Where mistake defenses occasionally work is in genuinely ambiguous situations. Maybe your conviction was in a state that uses different terminology. Maybe the question about mental health commitment dosent clearly cover your specific situation. Maybe theres a legitimate legal dispute about whether your prior offense qualifies as a prohibiting conviction.
But “I forgot” or “I didnt think it counted” almost never works. Courts assume that people who went through the criminal justice system remember it.
What To Do If You’ve Already Lied
If youve already submitted a Form 4473 with false information, heres the reality. You cant undo it. You cant go back and correct it. The crime is complete. What you CAN do is understand your exposure and plan accordingly.
First, dont compound the problem. If you lied once and got denied, do NOT try again at a different store. Multiple attempts dramatically increase prosecution risk. One denied transaction might be ignored. A pattern of attempts looks like intentional effort to arm yourself illegally.
Second, understand that your primary risk isnt standalone prosecution for the Form 4473 lie. Your risk is that the lie gets discovered during some other investigation and used against you. If your involved in any activity that might attract federal attention, that old Form 4473 is a ticking bomb.

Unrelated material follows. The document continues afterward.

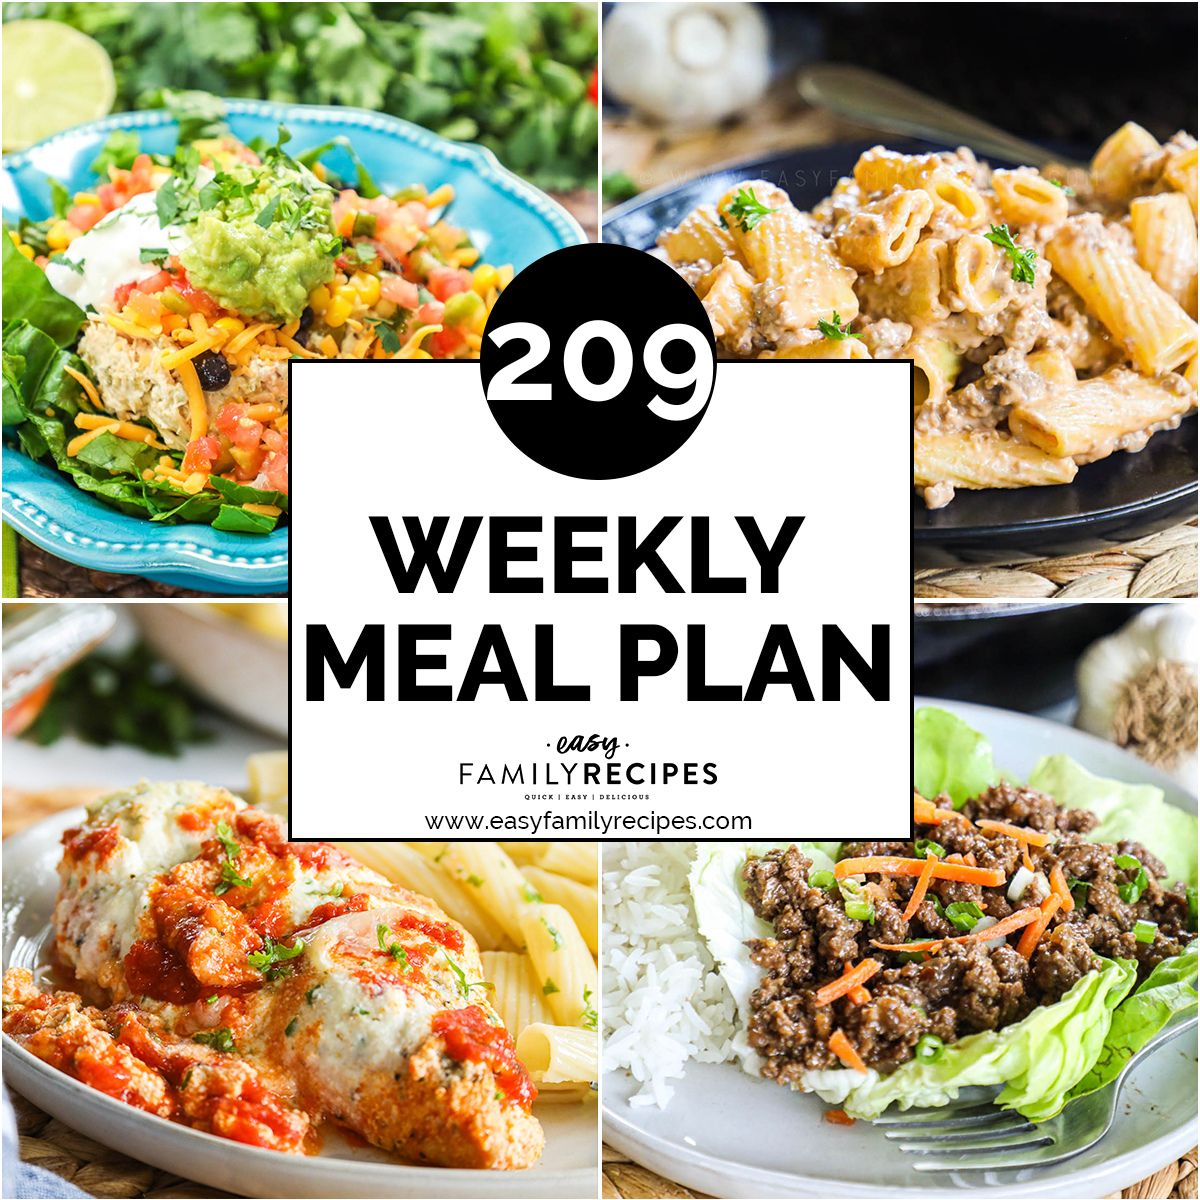 Weekly Meal Plan – 209

Third, if federal agents contact you about firearms purchases – past or present – stop talking immediatly. Dont explain. Dont clarify. Dont try to help them understand what happened. Anything you say becomes evidence, and agents are trained to elicit incriminating statements.
Call Spodek Law Group at 212-300-5196 before you answer any questions. We handle federal firearms cases and understand how prosecutors build them. The consultation is confidential.
Your situation might not be as bad as you fear. Statistically, prosecution is unlikely. But that dosent mean you should talk to federal agents without an attorney. The government has your signed statement. Dont give them anything else.